Background: The use of mitochondrial DNA data in phylogenetics is controversial, yet studies that combine mitochondrial and nuclear DNA data (mtDNA and nucDNA) to estimate phylogeny are common, especially in vertebrates. Surprisingly, the consequences of combining these data types are largely unexplored, and many fundamental questions remain unaddressed in the literature. For example, how much do trees from mtDNA and nucDNA differ? How are topological conflicts between these data types typically resolved in the combined-data tree? What determines whether a node will be resolved in favor of mtDNA or nucDNA, and are there any generalities that can be made regarding resolution of mtDNA-nucDNA conflicts in combined-data trees? Here, we address these and related questions using new and published nucDNA and mtDNA data for Plethodon salamanders and published data from 13 other vertebrate clades (including fish, frogs, lizards, birds, turtles, and mammals).

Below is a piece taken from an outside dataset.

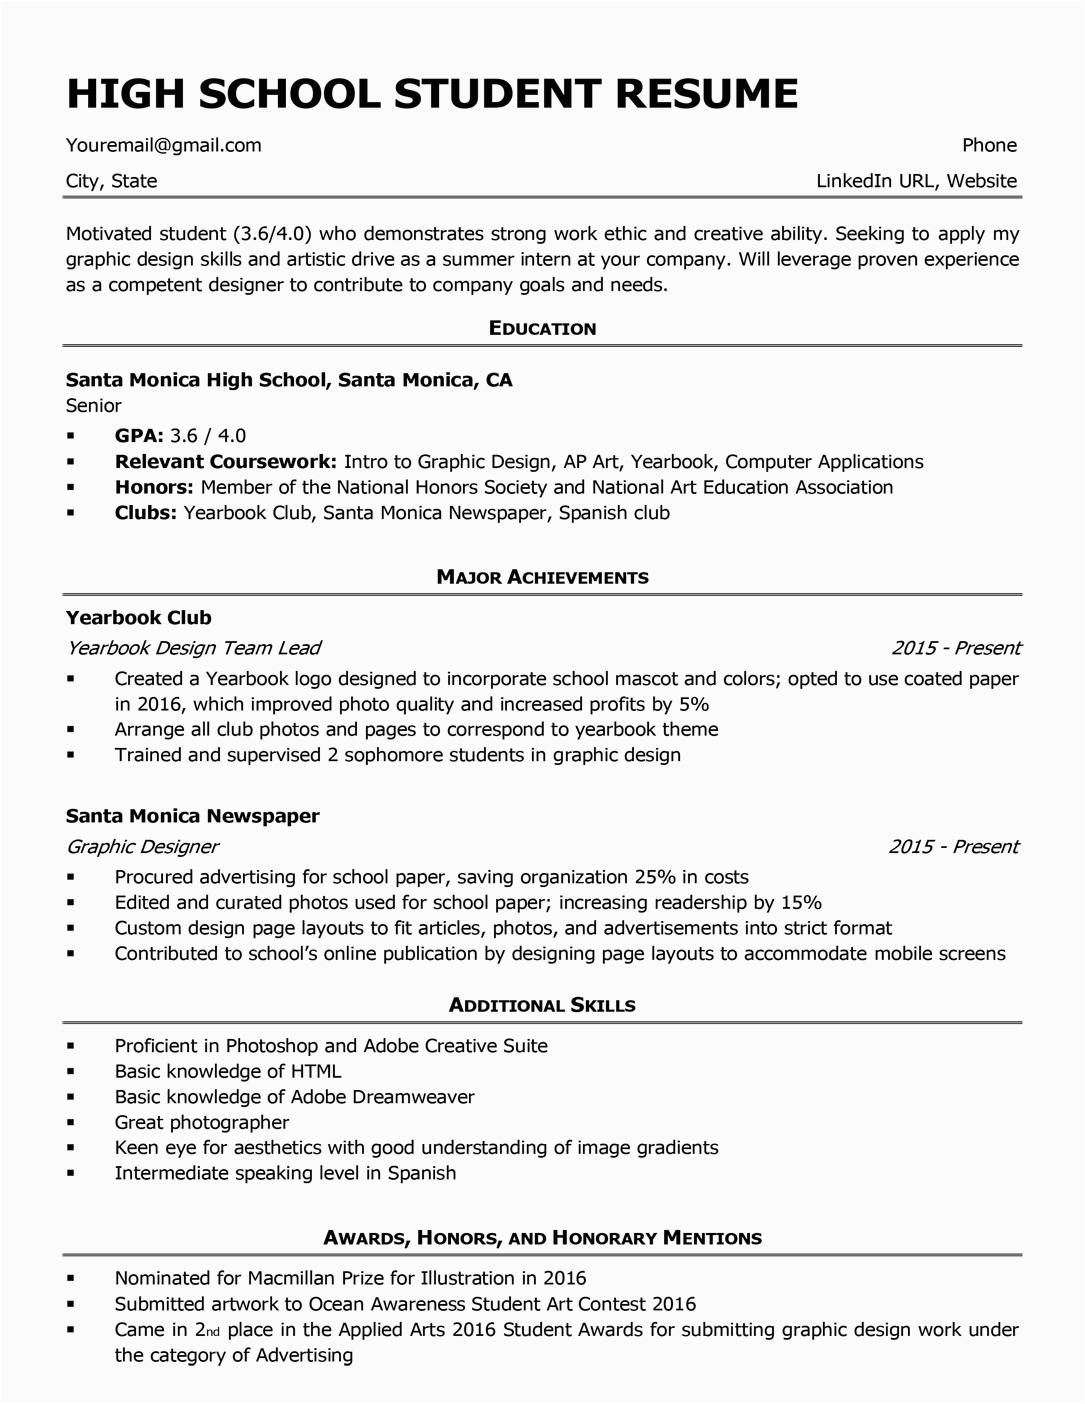 Sample High School Student Resume for College Application High School Resume Template & Writing Tips

Results: We find widespread discordance between trees from mtDNA and nucDNA (30-70% of nodes disagree per clade), but this discordance is typically not strongly supported. Despite often having larger numbers of variable characters, mtDNA data do not typically dominate combined-data analyses, and combined-data trees often share more nodes with trees from nucDNA alone. There is no relationship between the proportion of nodes shared between combined-data and mtDNA trees and relative numbers of variable characters or levels of homoplasy in the mtDNA and nucDNA data sets. Congruence between trees from mtDNA and nucDNA is higher on branches that are longer and deeper in the combined-data tree, but whether a conflicting node will be resolved in favor mtDNA or nucDNA is unrelated to branch length. Conflicts that are resolved in favor of nucDNA tend to occur at deeper nodes in the combined-data tree. In contrast to these overall trends, we find that Plethodon have an unusually large number of strongly supported conflicts between data types, which are generally resolved in favor of mtDNA in the combined-data tree (despite the large number of nuclear loci sampled).
Conclusions: Overall, our results from 14 vertebrate clades show that combined-data analyses are not necessarily dominated by the more variable mtDNA data sets. However, given cases like Plethodon, there is also the need for routine checking of incongruence between mtDNA and nucDNA data and its impacts on combined-data analyses.